Utilities
Note
This documentation has been auto-generated from the command help
In addition to the main auto_process.py command, a number of utilities
are available:
analyse_barcodes.py
usage:
analyse_barcodes.py FASTQ [FASTQ...]
analyse_barcodes.py DIR
analyse_barcodes.py -c COUNTS_FILE [COUNTS_FILE...]

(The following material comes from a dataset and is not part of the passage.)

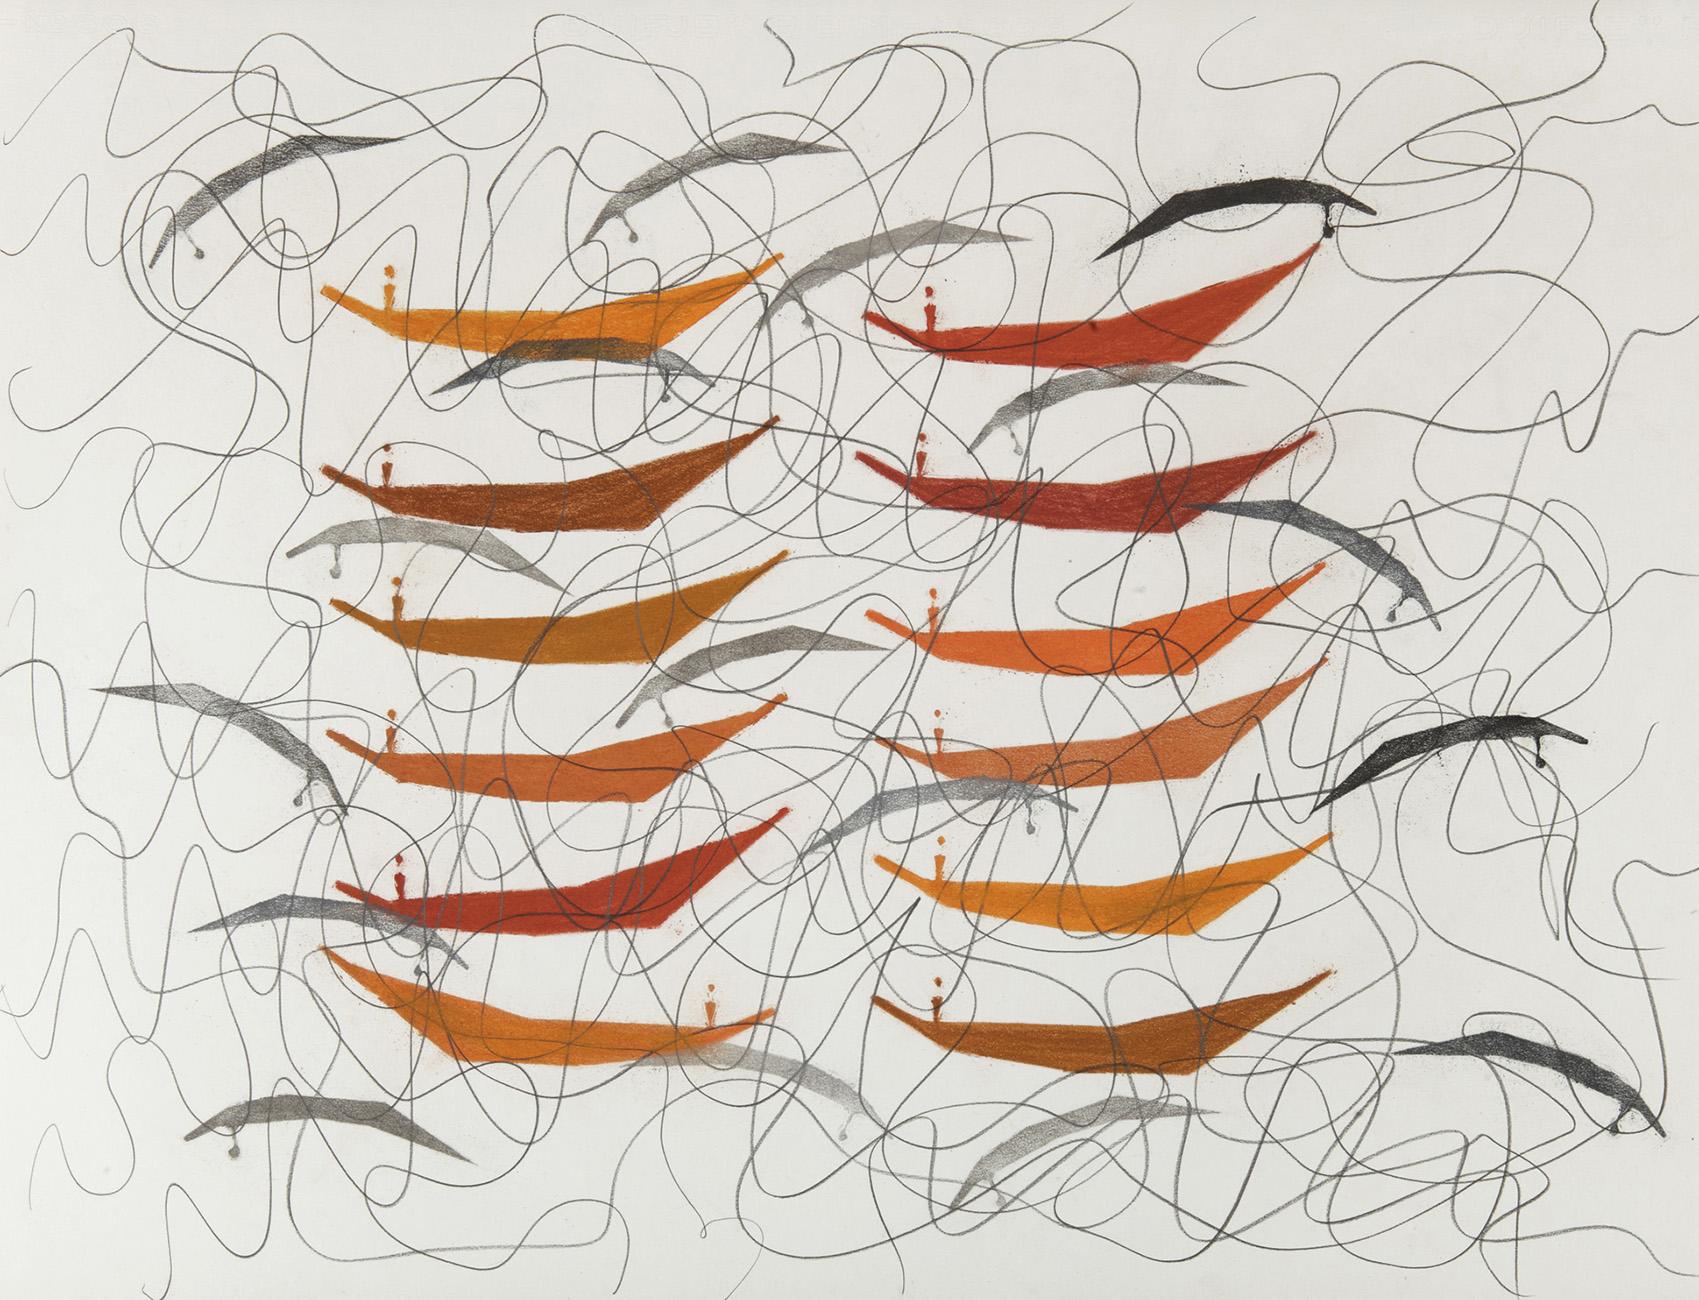 Geen titel 1 -  potlood & pastelkrijt  -  50x70 cm - €450

Collate and report counts and statistics for Fastq index sequences (aka
barcodes). If multiple Fastq files are supplied then sequences will be pooled
before being analysed. If a single directory is supplied then this will be
assumed to be an output directory from bcl2fastq and files will be processed
on a per-lane basis. If the -c option is supplied then the input must be one
or more file of barcode counts generated previously using the -o option.
optional arguments:
-h, --help show this help message and exit
-v, --version show program's version number and exit
Input and output options:
-c, --counts input is one or more counts files generated by
previous runs using the '-o/--output' option
-o COUNTS_FILE_OUT, --output COUNTS_FILE_OUT
output all counts to tab-delimited file
COUNTS_FILE_OUT. This can be used again in another run
by specifying the '-c' option
Reporting options:
-l LANES, --lanes LANES
restrict analysis to the specified lane numbers
(default is to process all lanes). Multiple lanes can
be specified using ranges (e.g. '2-3'), comma-
separated list ('5,7') or a mixture ('2-3,5,7')

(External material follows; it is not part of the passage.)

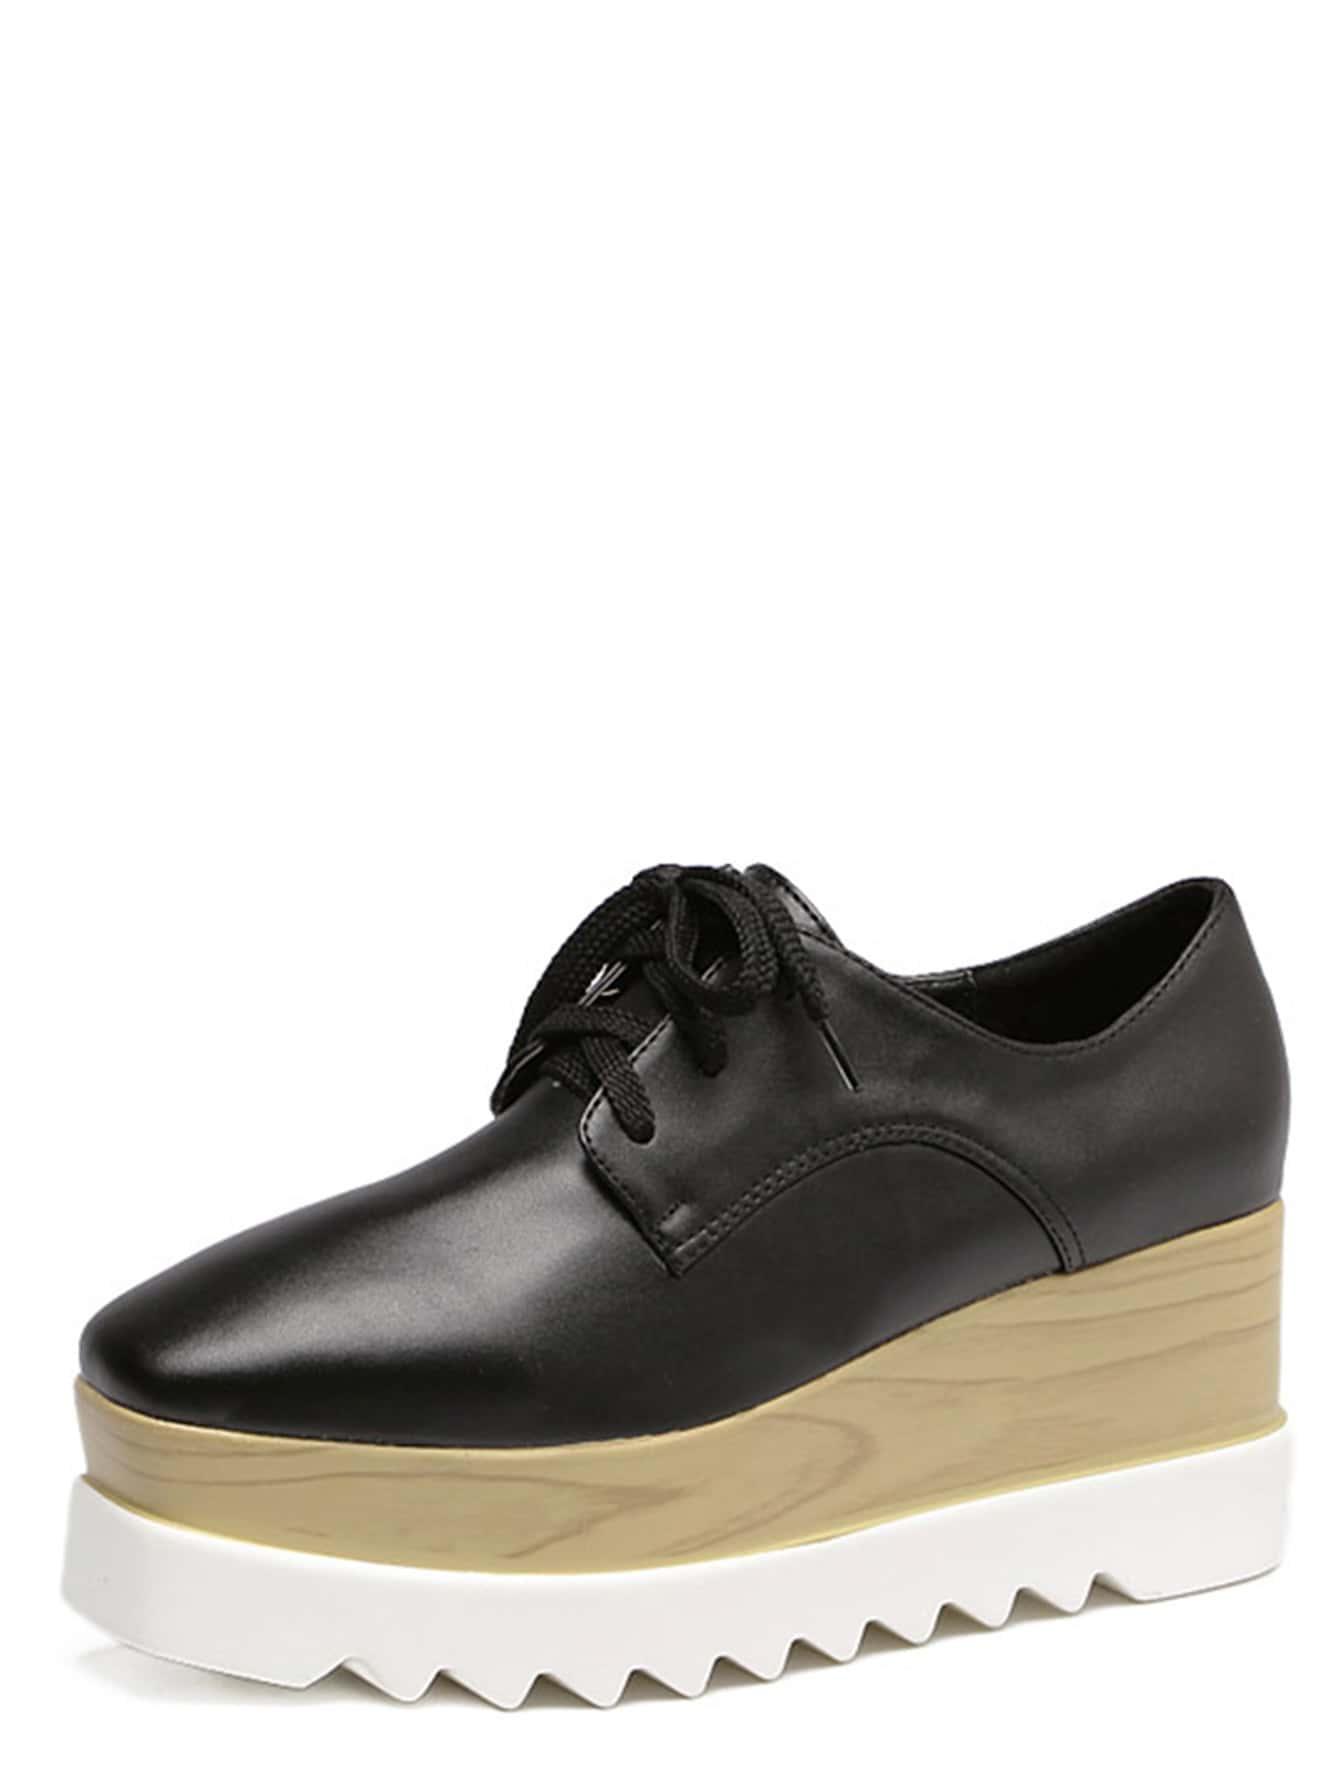 shoes161229803_2

-m MISMATCHES, --mismatches MISMATCHES
maximum number of mismatches to use when grouping
similar barcodes (will be determined automatically if
samplesheet is supplied, otherwise defaults to 0)

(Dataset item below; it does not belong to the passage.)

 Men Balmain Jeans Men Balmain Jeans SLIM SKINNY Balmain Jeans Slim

--cutoff CUTOFF exclude barcodes/barcode groups from reporting with a
smaller fraction of associated reads than CUTOFF, e.g.
'0.01' excludes barcodes with < 1.0% of reads
(default: 0.001)
-s SAMPLE_SHEET, --sample-sheet SAMPLE_SHEET
report best matches against barcodes in SAMPLE_SHEET
-r REPORT_FILE, --report REPORT_FILE
write report to REPORT_FILE (otherwise write to
stdout)
-x XLS_FILE, --xls XLS_FILE
write XLS version of report to XLS_FILE
-f HTML_FILE, --html HTML_FILE
write HTML version of report to HTML_FILE
-t TITLE, --title TITLE
title for HTML report (default: 'Barcodes Report')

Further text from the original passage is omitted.